This is the mail archive of the
gcc-help@gcc.gnu.org
mailing list for the GCC project.
Re: GCC asm block optimizations on x86_64
On Wed, Aug 29, 2007 at 12:11:22PM +0100, Darryl Miles wrote:
> Rask Ingemann Lambertsen wrote:
> >On Tue, Aug 28, 2007 at 11:02:49PM +0100, Darryl Miles wrote:
> > Peephole definitions check for cases like this and won't do the
> >optimization clobbering the flags register if the flags register is live at
> >that point.
>
> So I take it that peephole works by knowing the instructions emitted
> with annotations about the lifetimes of registers / flags / other useful
> stuff to help it. I was thinking it was a bit more blind to things than
> that.
The peephole2 pass tries to match one or more instructions in GCC's RTL
format against a template, and if successful, replaces those instructions by
one or more new ones. You can include a condition for the replacement as
well as requiring a scratch register to be available. In this particular
case, the condition is that the flags registers isn't live.
> I did not understand the relevance to knowing if it is (*movsi_xxx) or
> (*movdi_xxx). From my point of view knowing that would not alter the 2
> original points I was making [1] and [3]. Maybe there is some
> pipelining (or other complex) issue I don't know about which makes the
> emitted code better than what I'm suggesting.
No, it's just that debugging problems with poor code, it's best to know
exactly what the compiler thinks it's generating.

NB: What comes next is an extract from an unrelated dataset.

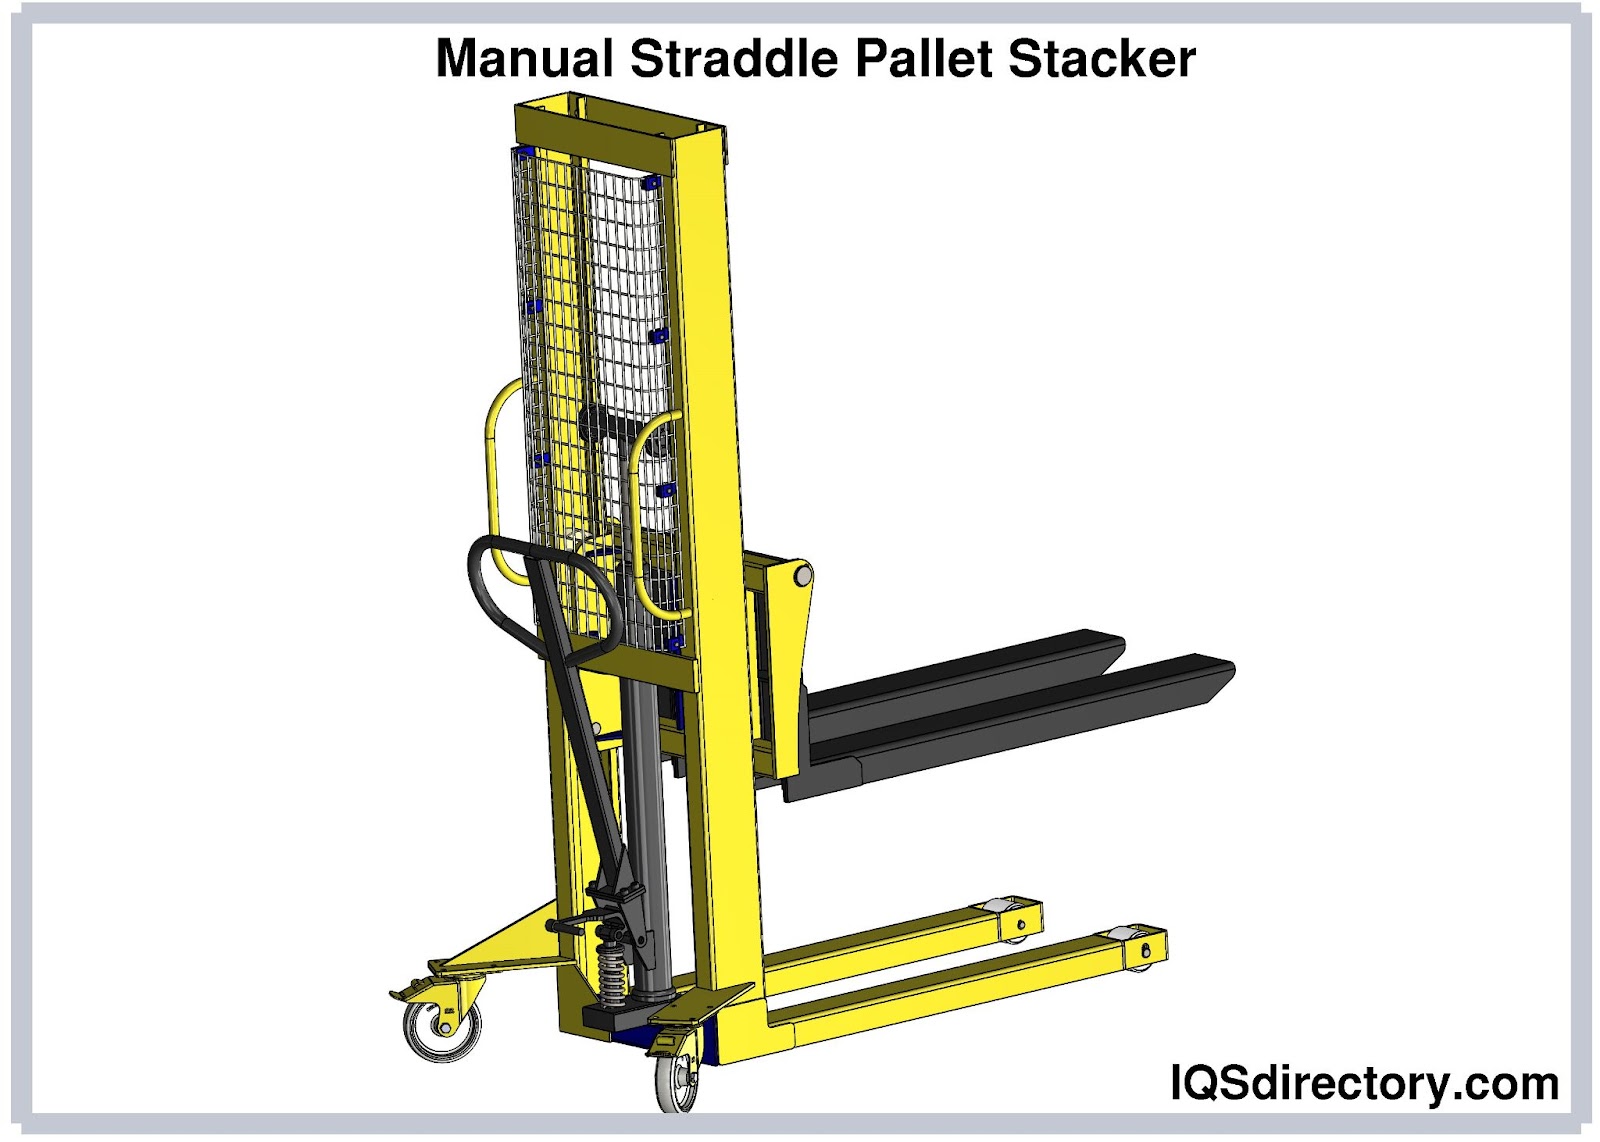 Manual Straddle Pallet Stacker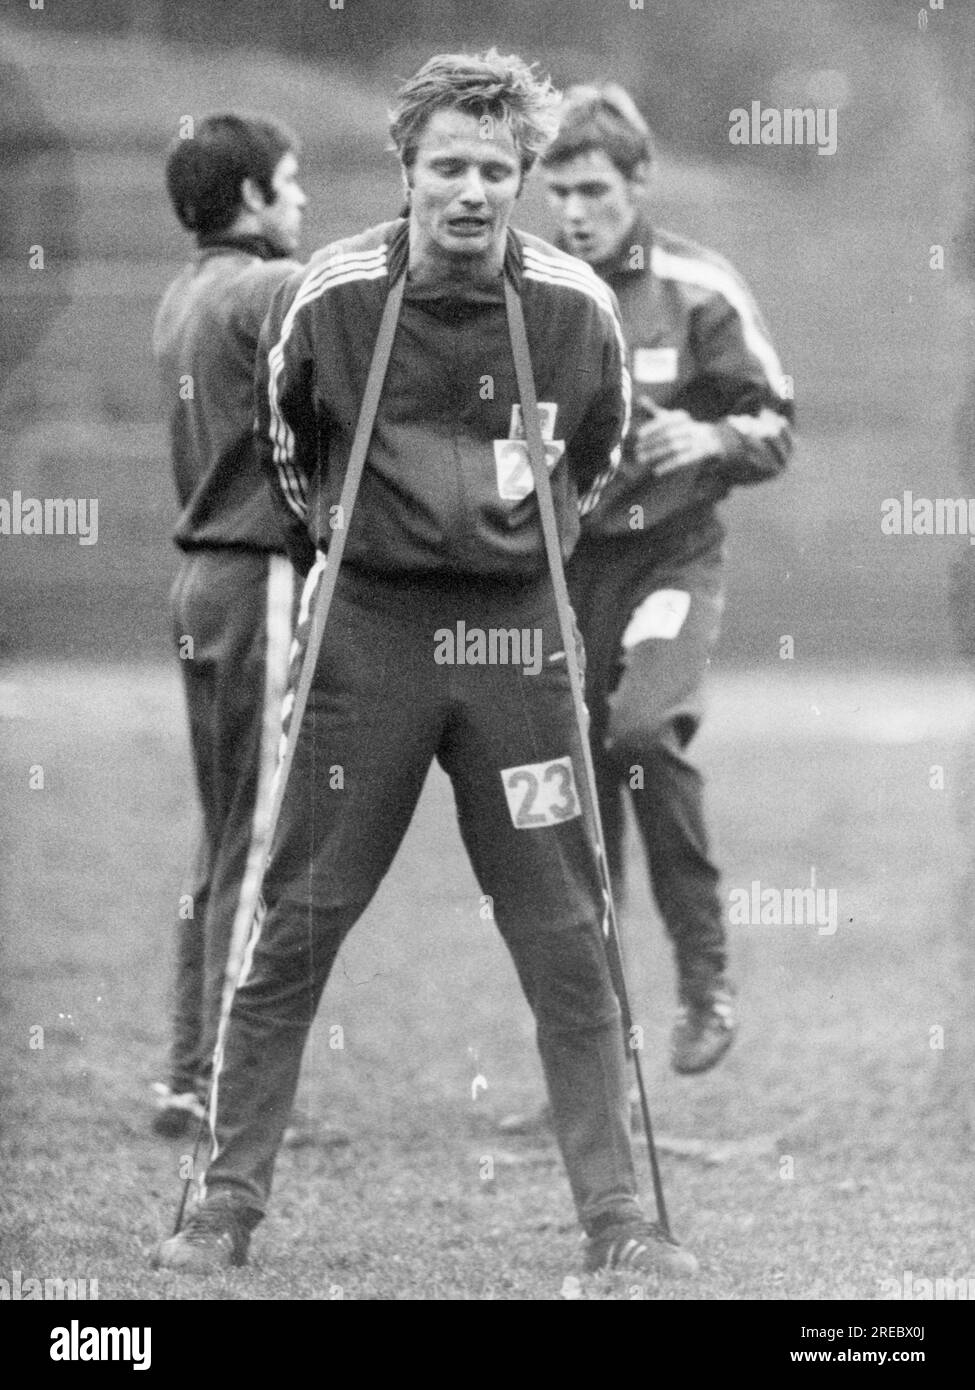 Varga, Zoltan, 1.1.1945 - 9,4.2010, calciatore ungherese, centrocampista dell'Hertha BSC, allenamento, DIRITTO AGGIUNTIVO-CLEARANCE-INFO-NOT-AVAILABLE Foto Stock

> Recapping on the original issues:
>
> [1] failure to treat setting a register to the value of zero as a
> special case (since there maybe many ways to achieve this on a given
> CPU, different methods have different trades, insn length, unwanted side
> effects) which may allow this operation a lot of freedom for moving /
> scheduling.
> [3] usage of %ebx when %r8d would have been a better choice, at the time
> %ebx is needed to be allocated the lifetime of the temporary use of %r8d
> was over. i.e. allocating of registers which form outputs but not
> inputs should take place last thing (at the moment of #APP) maybe by
> doing this %r8d would have been a candidate ? which would negate the
> need for the push/pop's.
GCC's register allocator isn't as good as we'd like it to be. I think
it's causing both problems.
> Thanks for your thoughts. Maybe I am just expecting too much.
I don't think so.
--
Rask Ingemann Lambertsen